Japan emerges from recession

Japanese GDP struggles into positive territory, but doubts remain over recovery.

japan economy
The GDP boost comes despite Japanese consumer spending remaining relatively weak [GALLO/GETTY]

“It’s ‘green shoots’ in the sense that if you throw large amounts of fertiliser on very barron soil you may get something coming through”

Steve Keen,
University of Western Sydney

Steve Keen, associate professor of economics and finance at the University of Western Sydney, told Al Jazeera there was little sign as yet that the recovery was sustainable.

“It’s ‘green shoots’ in the sense that if you throw large amounts of fertiliser on very barron soil you may get something coming through,” he said.

“But this is in response to the largest coordinated fiscal stimulus in global history and to come up with a growth figure as small as this – 0.9 per cent – is a fairly anaemic response to a large amount of fertiliser.”

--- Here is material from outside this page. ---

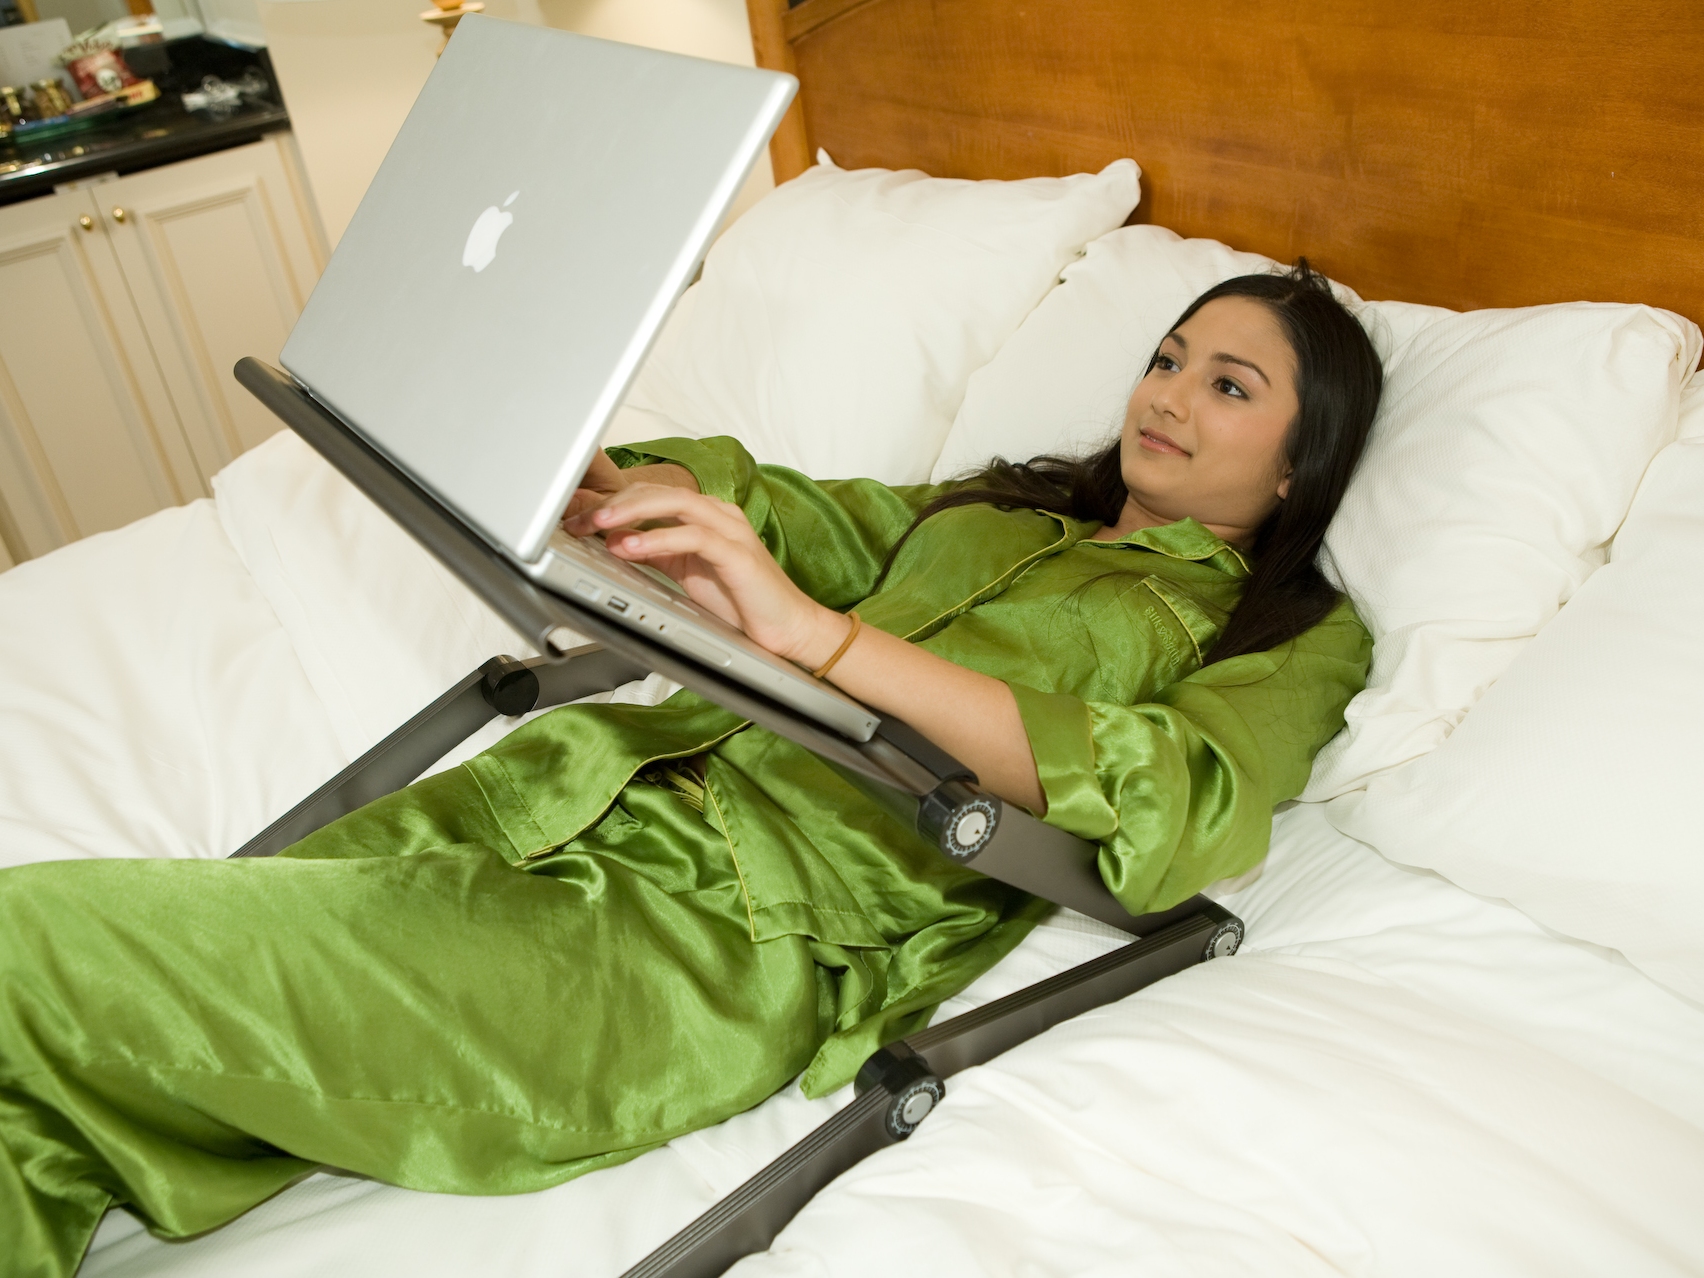 Sử dụng laptop trên giường sẽ khiến cho tuổi thọ của máy tính giảm nghiêm trọng

Japanese investors were pessimistic about the news, with the benchmark Nikkei index down 3.1 percent on Monday in its biggest one-day fall in nearly five months.

Analysts said investors were locking in profits after the GDP announcement failed to produce a positive surprise.

The Japanese economy had sunk to its worst ever quarterly contraction in the three months to December last year, when its GDP, or the value of a nation’s goods and services, shrank at an annual pace of 13.1 per cent.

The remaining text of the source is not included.